* Brief: Output, word for word and without pictures, the lines from the one containing "Bally Woman Pumps" through the final line of the listing below.
======== Information shown
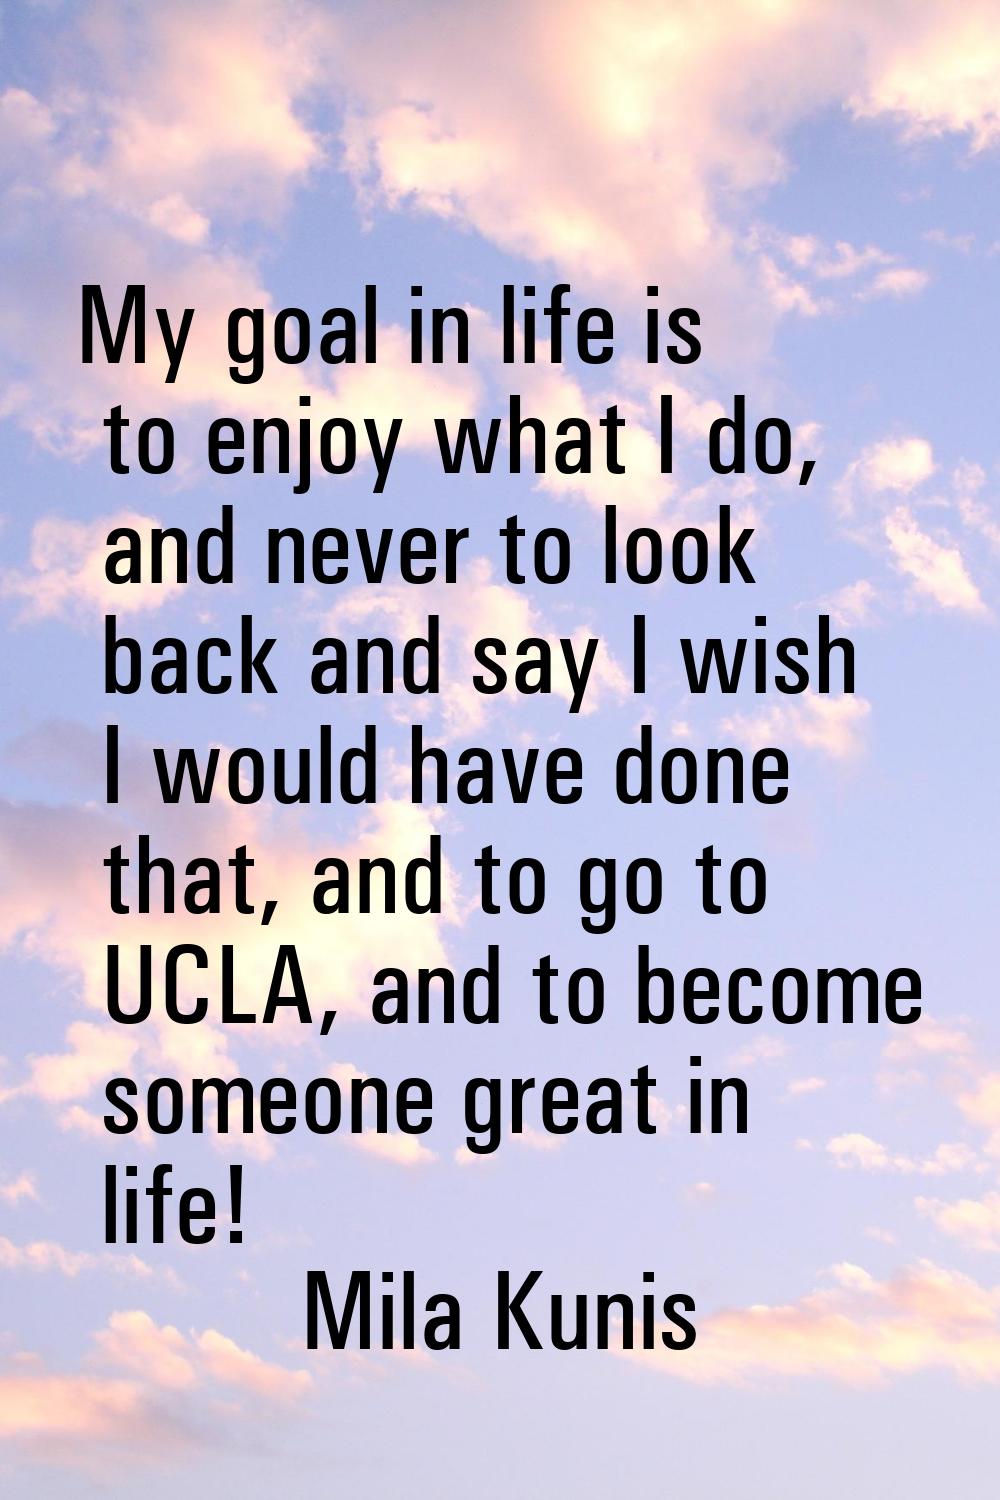 My goal in life is to enjoy what I do, and never to look back and say I wish I would have done that
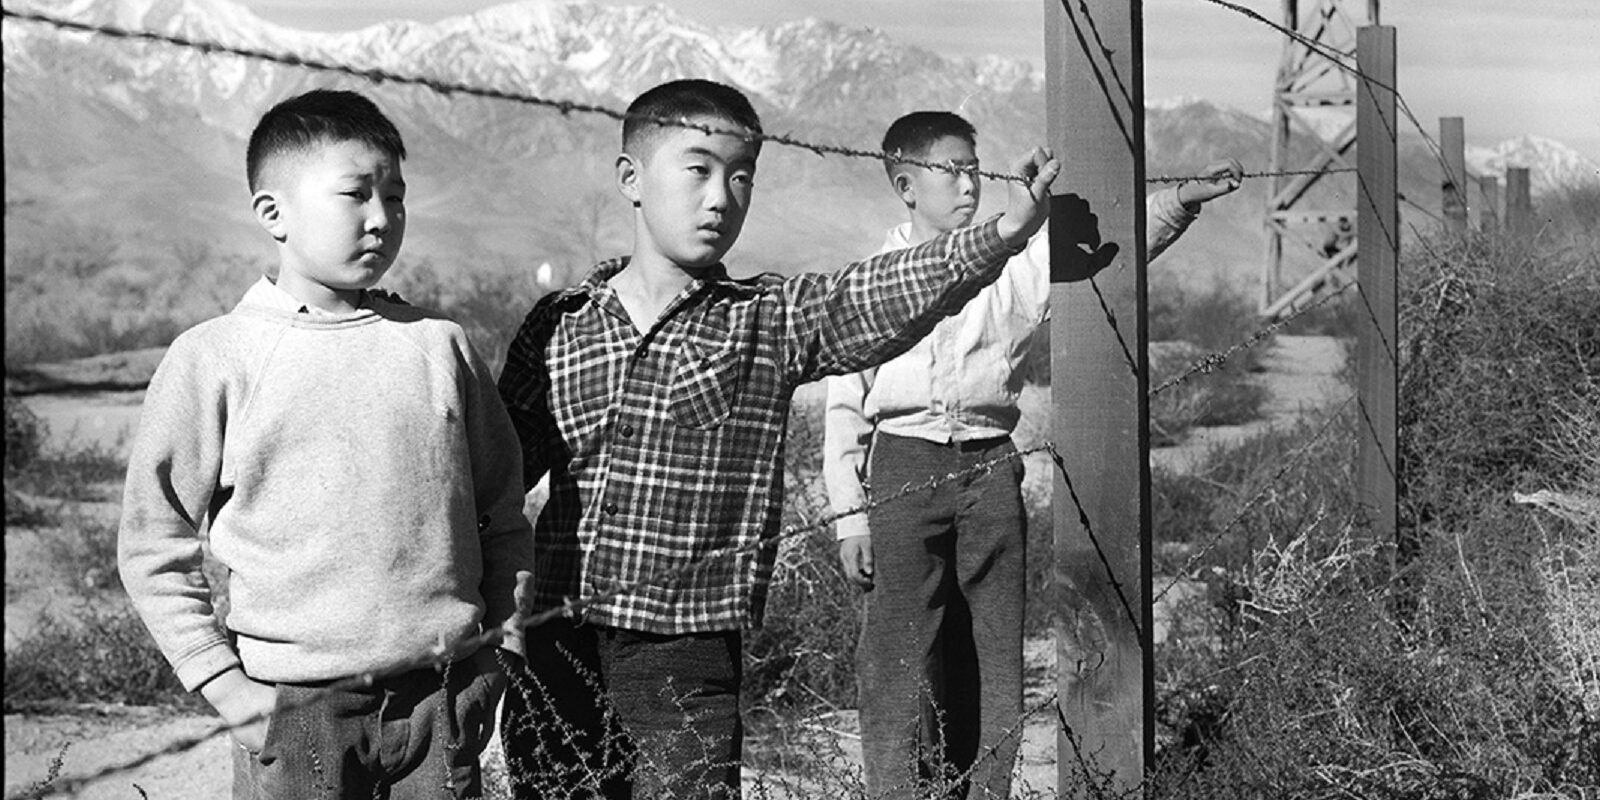 The Three Boys Behind Barbed Wire (Year unknown)
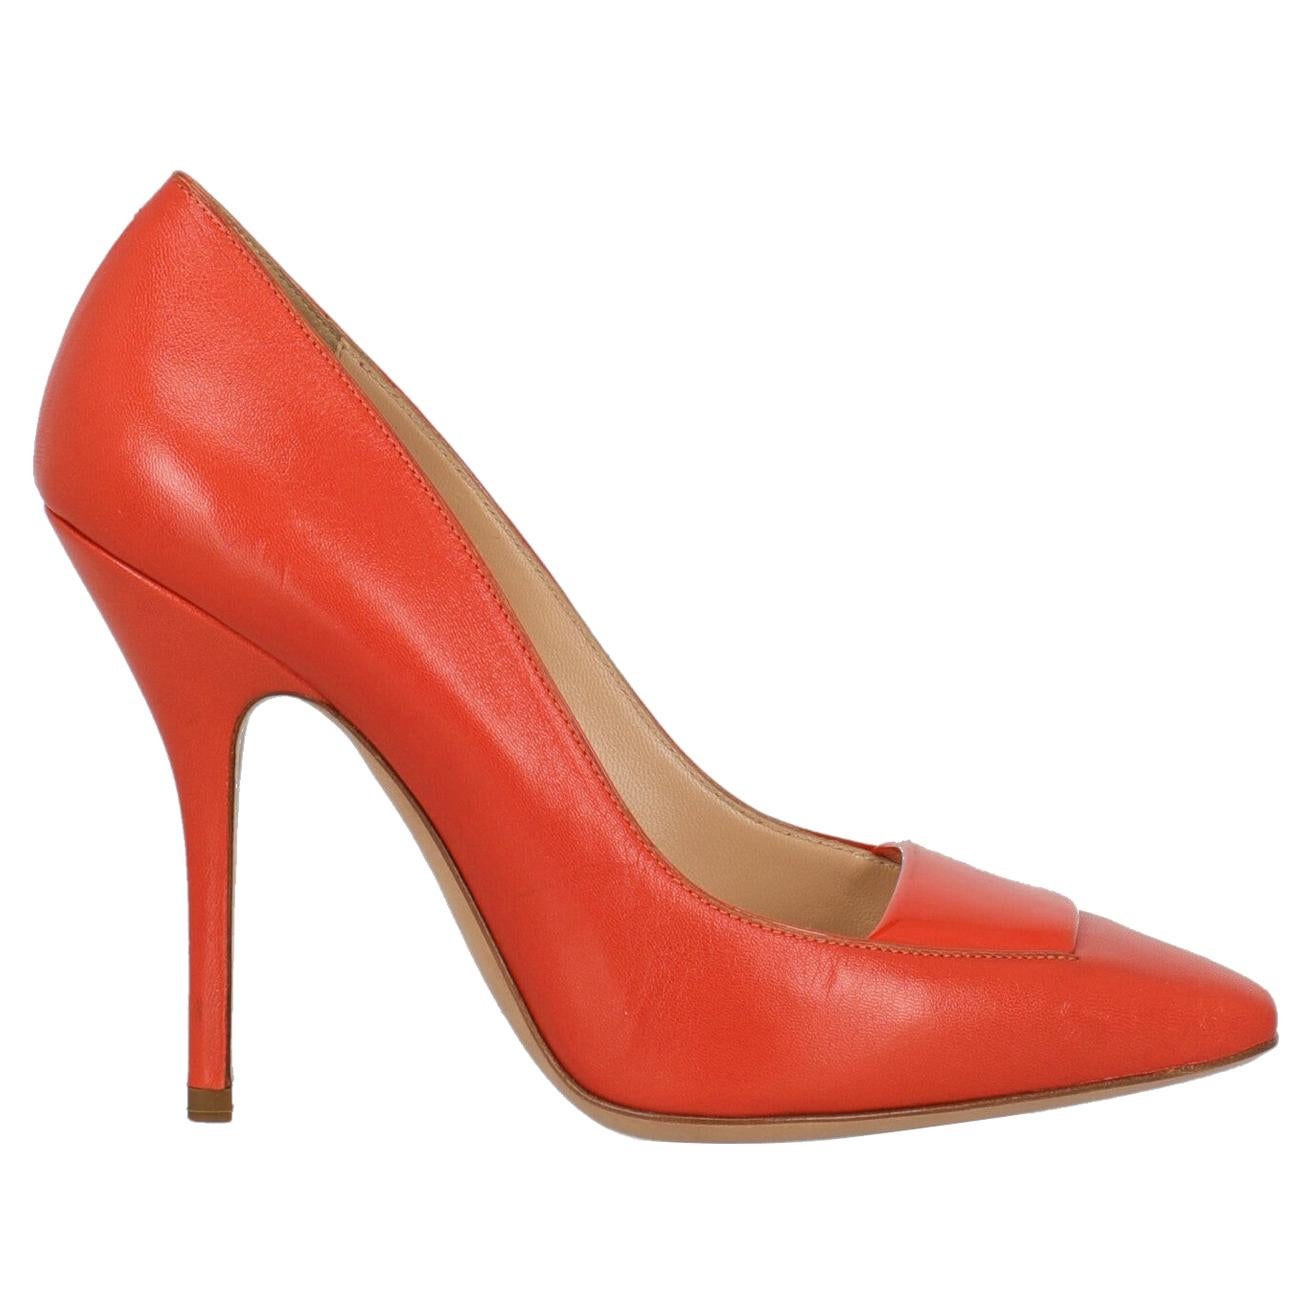 Bally Woman Pumps Orange Leather IT 40 For Sale
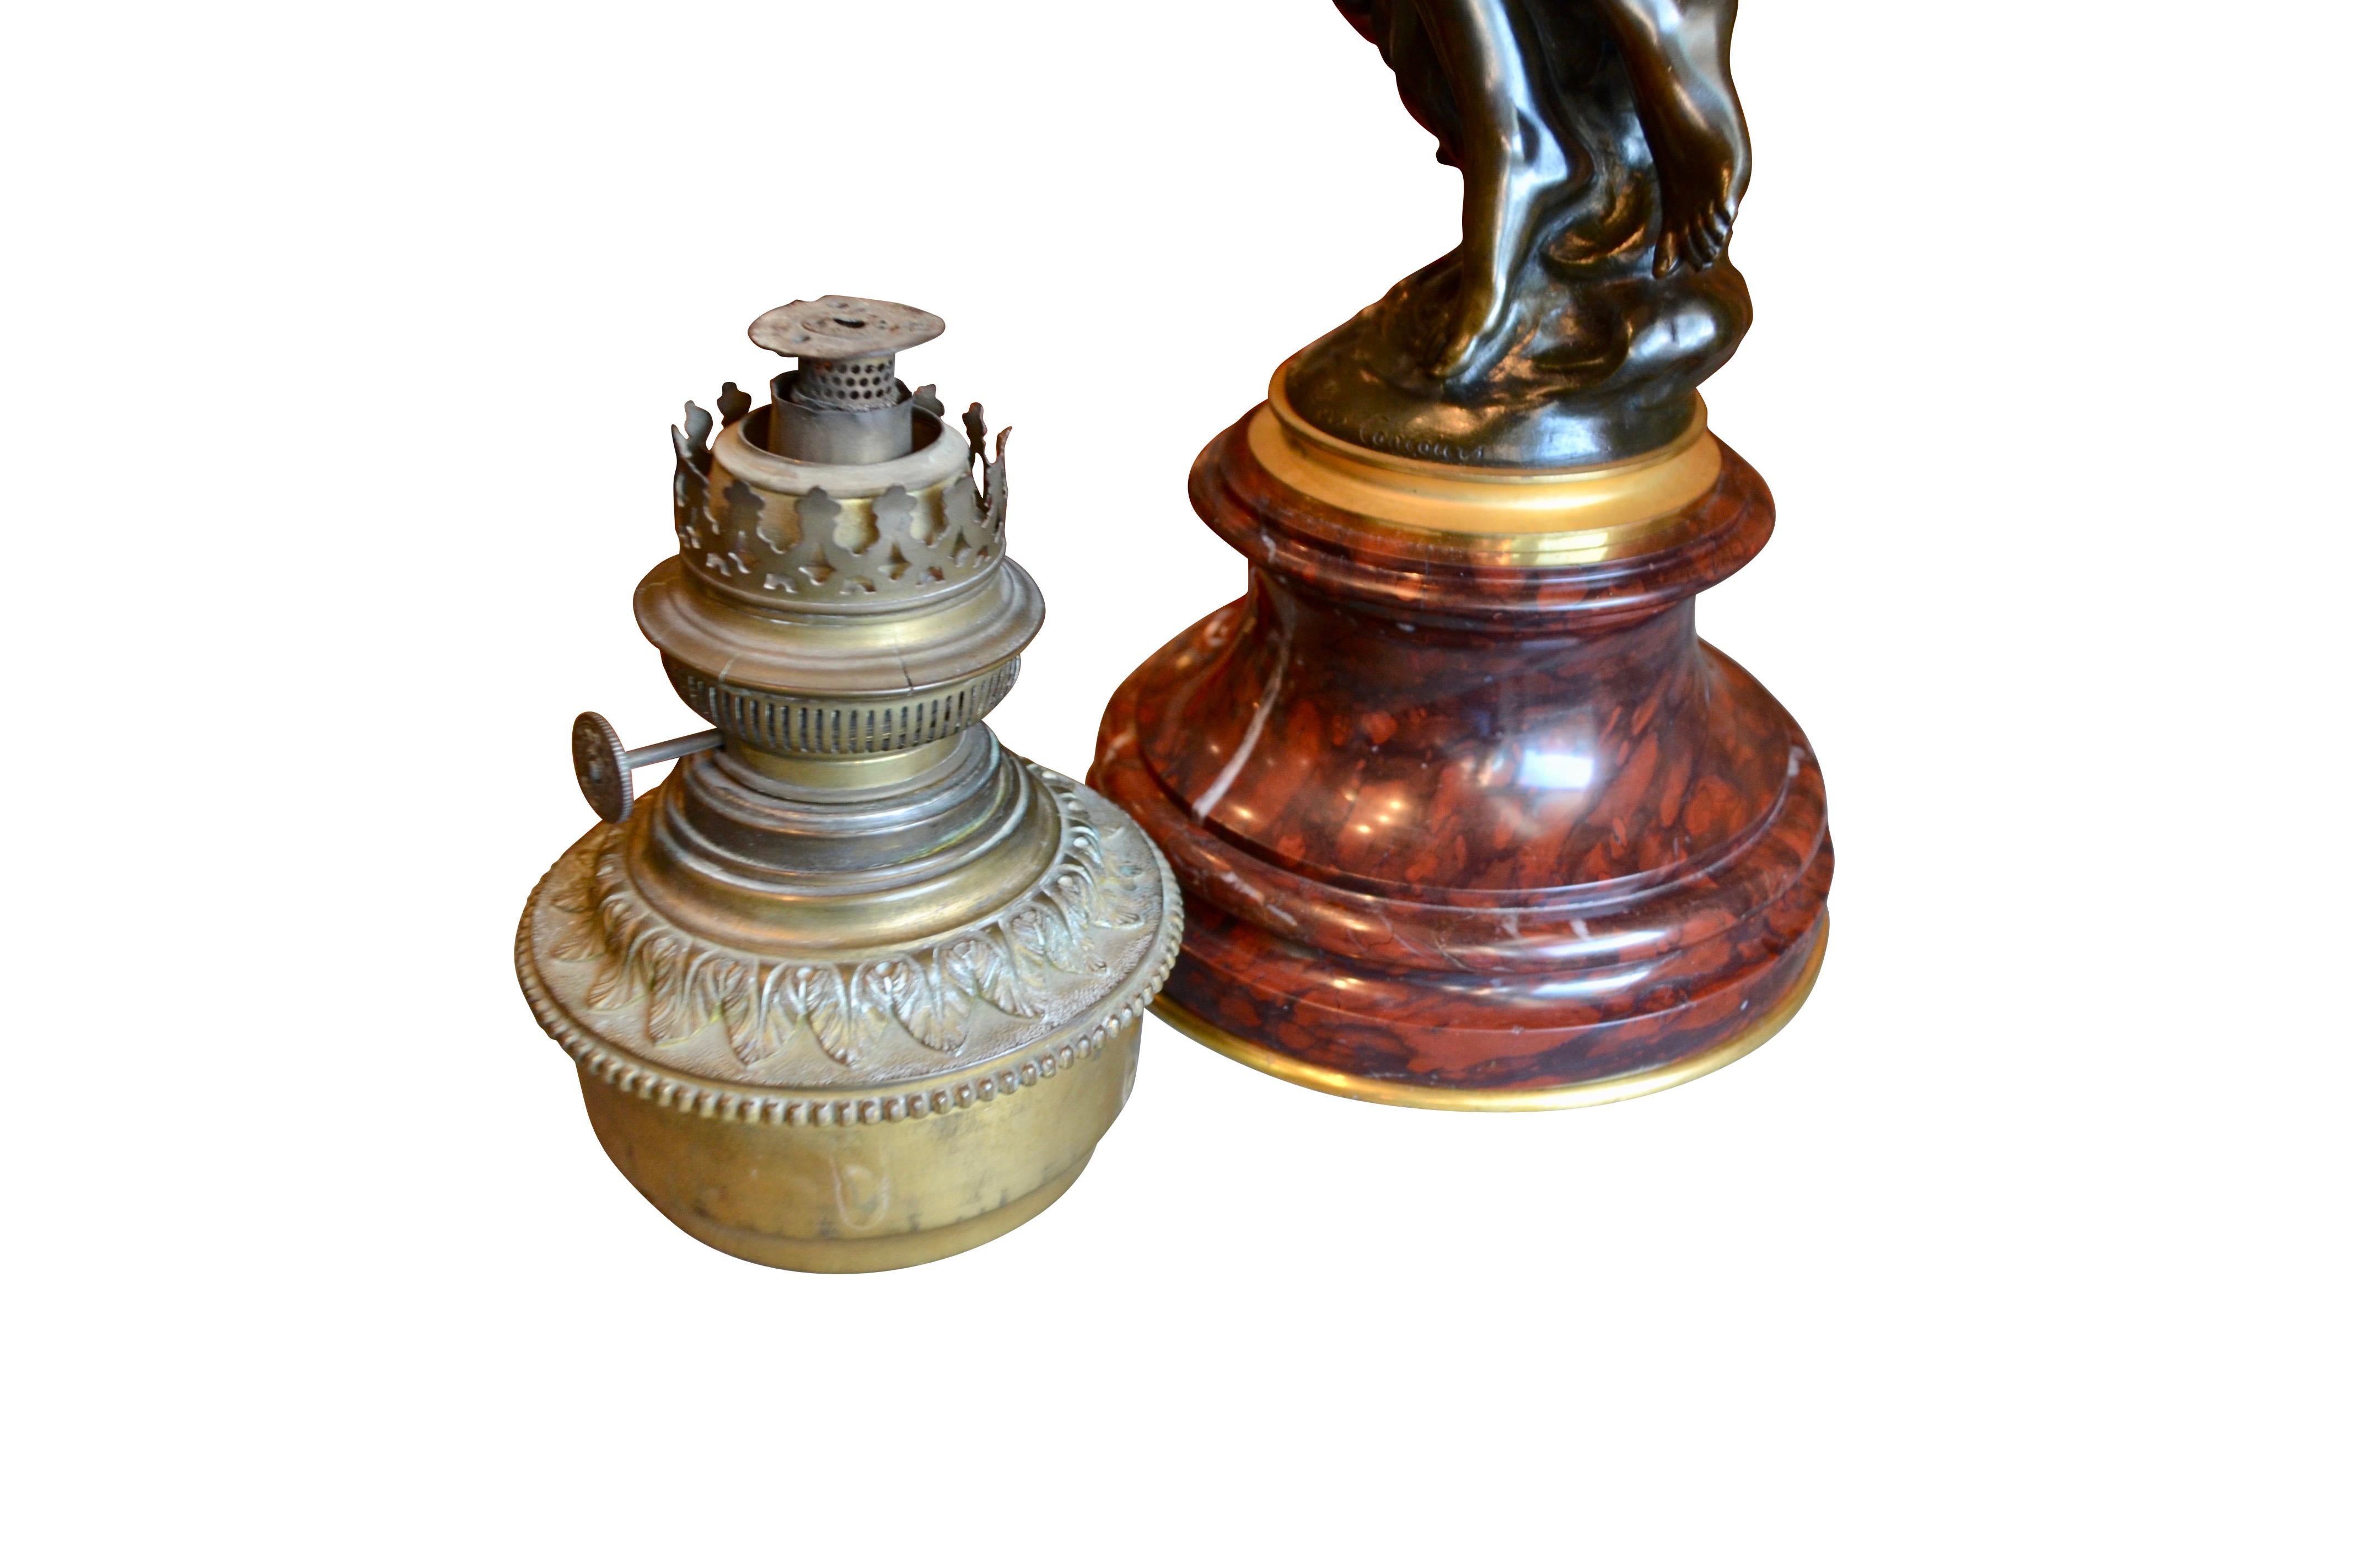  Oil Lamp Featuring a Mathurin Moreau Bronze Statue of  a Nymph and Putto   For Sale 4
================
* Output for this task:
 Bally Woman Pumps Orange Leather IT 40 For Sale
  Oil Lamp Featuring a Mathurin Moreau Bronze Statue of  a Nymph and Putto   For Sale 4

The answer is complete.